In an exclusive interview with Paul Allen, Founder and Managing Director of The Tribe of Angels, Jew Central gets the details on how to get investors to grow your business.
The dot-com days are over, but it is still possible get investors.
Tribe of Angels (TOA) is the Jewish community’s oldest and largest business network. TOA bring together Jewish industry leaders to develop business, identify new ventures, develop partnerships, and source talent.
Jew Central: How can Jews find angel investors (or VCs) in today’s market?
Paul Allen: The answer is the same for Jews and Gentiles: Get vertical. Slice prospective investors finely into categories based on prior investments, interests, management experience, and industry contacts, then relentlessly refine your business and pitch to address a viable and large enough niche.
JC: What is the key selling point(s) of any new venture to get funding?
PA: Right product for the right problem at the right price — communicated well.
JC: What unique challenges/opportunities do Jews face in the startup process?
PA: No unique problem for Jews specifically. It’s false to think religion plays any role in whether you’ll get funding from an investor. What does play a role is shared values, language, and goals and sometimes these things coincide with cultural and religious ties.
JC: Can you share some TOA success stories or lessons (from unsuccessful attempts)?
PA: The greatest lesson from TOA is the importance of second tier referrals. Entrepreneurs are mainly focused on convincing the person in front of them — either to fund them or to buy something. When you’re networking for funding or customers in the early stages, your best relationships will most likely come from outside your existing network via referrals.

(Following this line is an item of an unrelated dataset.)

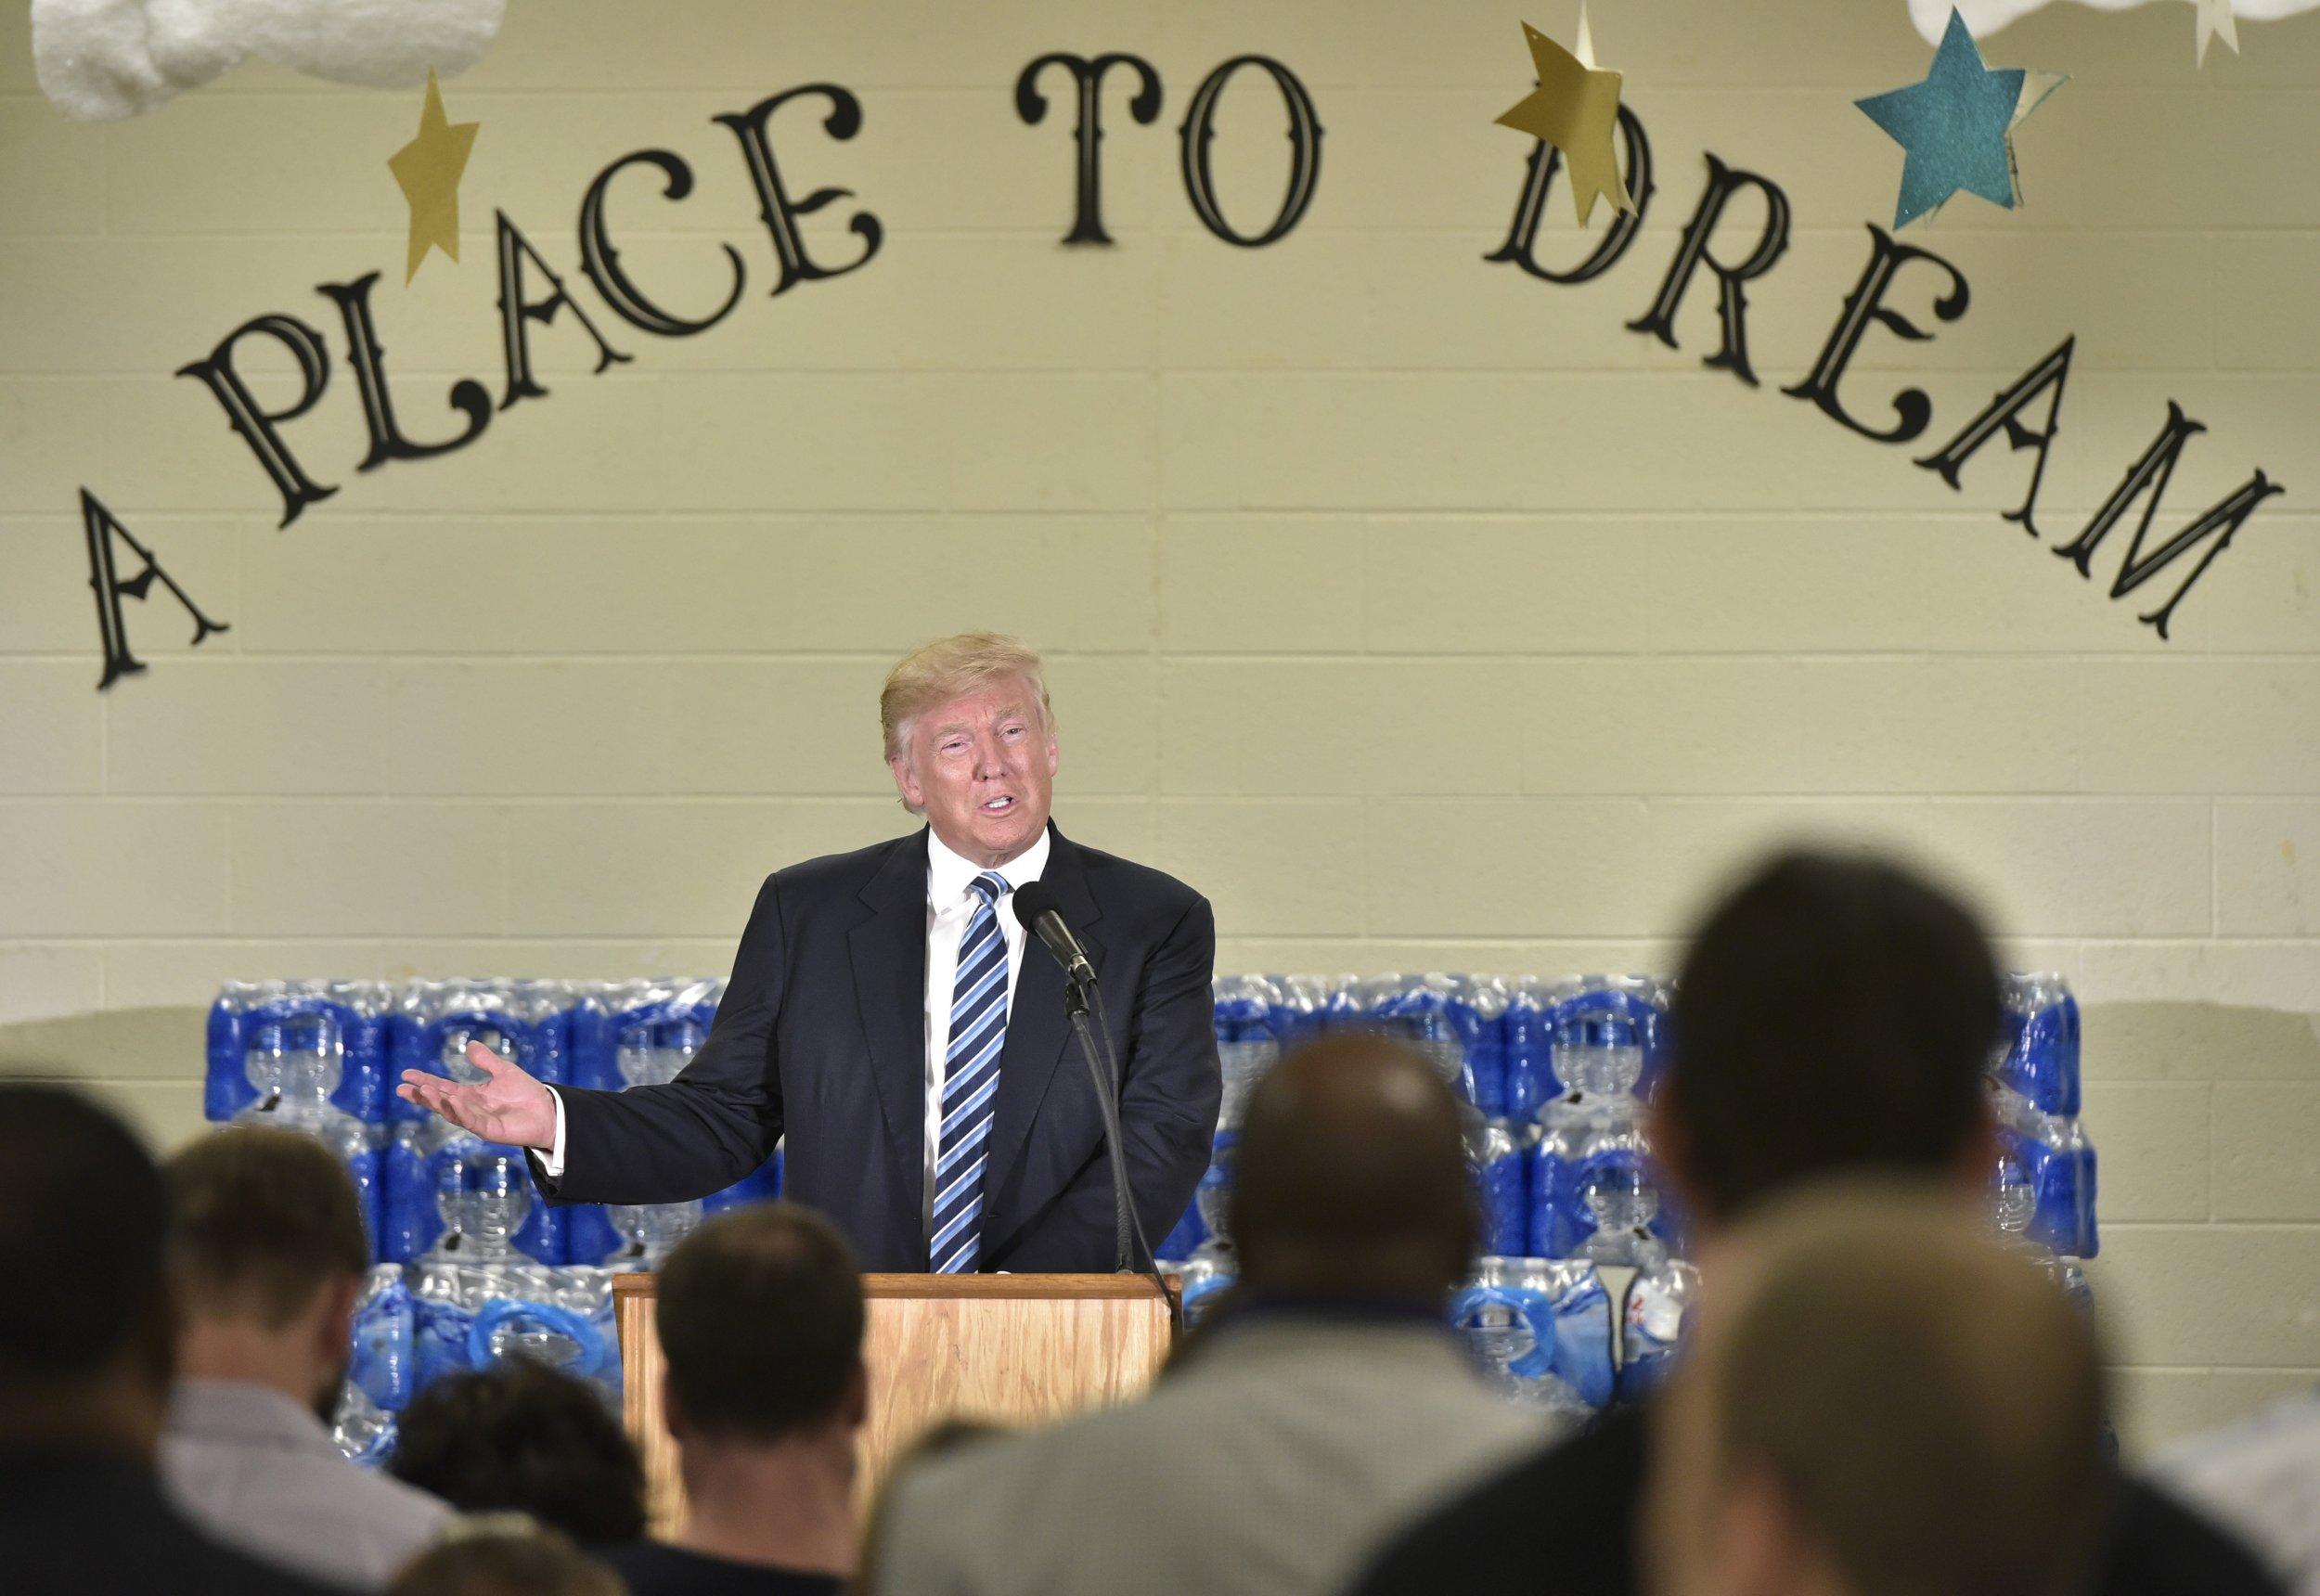 Donald Trump in Flint

JC: What do you consider your biggest professional accomplishment/achievement?
PA: Building a network of over 5,000 Jewish executives.
JC: What do you consider the most important factor(s) to your success?

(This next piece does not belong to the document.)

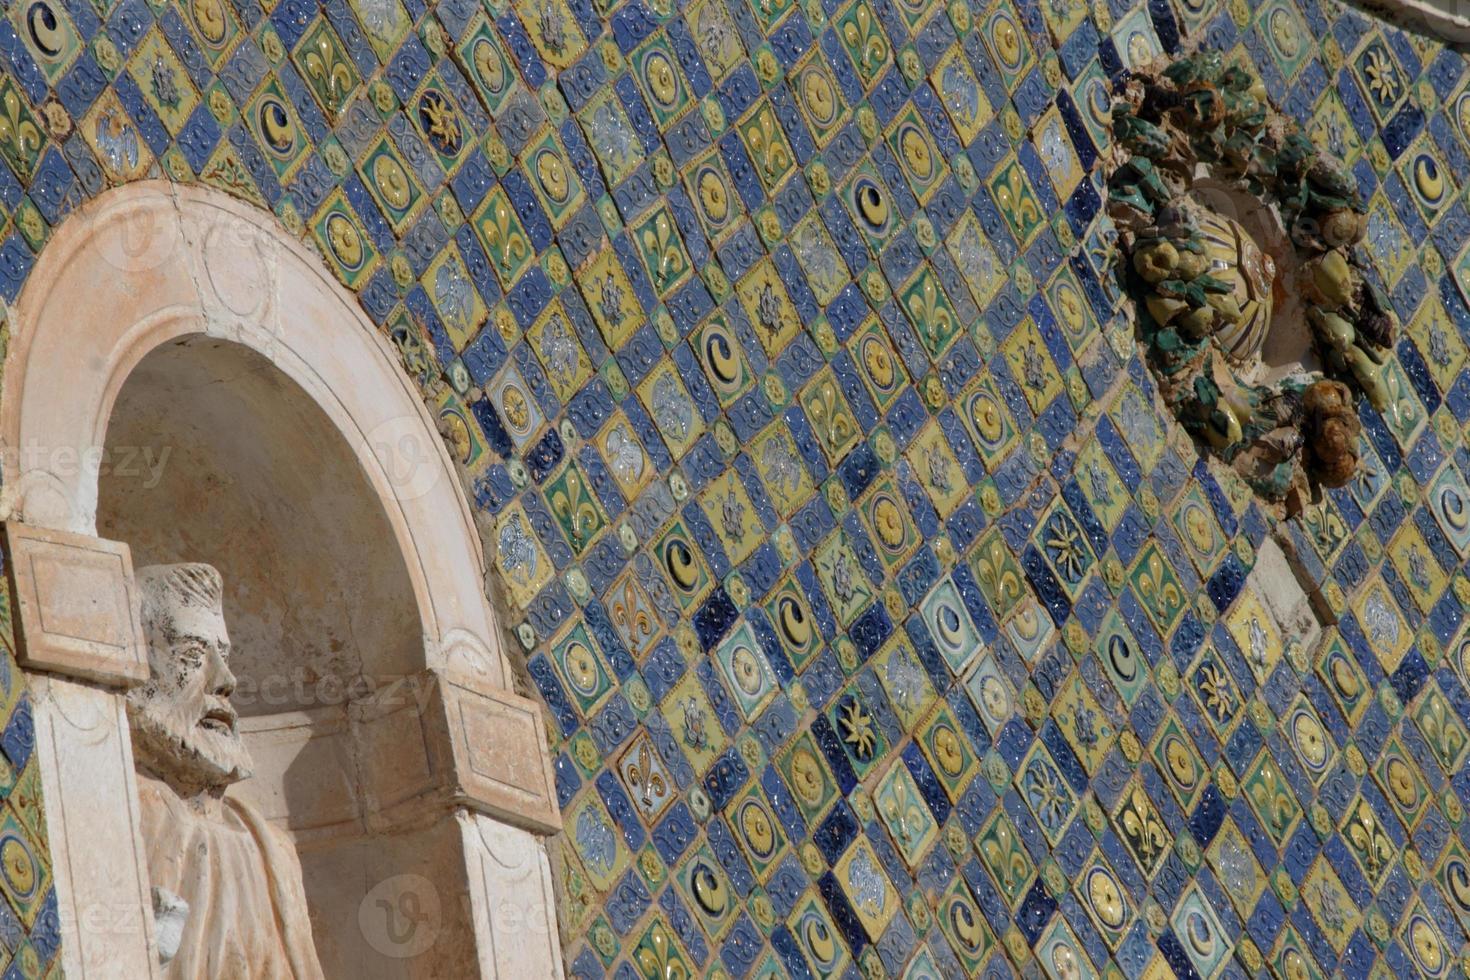 Carreaux de majolique sur la façade de Santa Maria delle Grazie photo

PA: Concerning myself with small details. Business people that only think big picture don’t earn their keep.
JC: How has being Jewish made it easier and/or harder to reach your goals?
PA: It’s made it easier because staying true to Jewish ideals has forced me to grow TOA slowly and I believe with a higher degree of care and integrity than say, growing a group for stamp collectors or bee keepers.
JC: What advice would you give to other Jewish people who want to succeed?
PA: Be selective who you let into your inner circle in the early stages. There’s no question you should surround yourself with smart and experienced people. But intellect and experience alone are insufficient. You must find advisors, investors, and partners that are realistic optimists. At every stage of a new venture it’s far easier to come up with objections than reasons to continue. You need people in your corner that understand, and are willing to accept some risk and uncertainty in order to succeed.
JC: Who are the people you look up to and why?
PA: I admire most one type of person — the individual that despite tremendous adversity succeeds through their of character. Think ‘self made’ business owner that didn’t graduate high school, or social worker or teacher that makes a difference in their community with low pay and few resources. The traits I admire most humility, creativity, and kindness.
JC: What books do you recommend?
PA: The Operator — Life of David Geffen.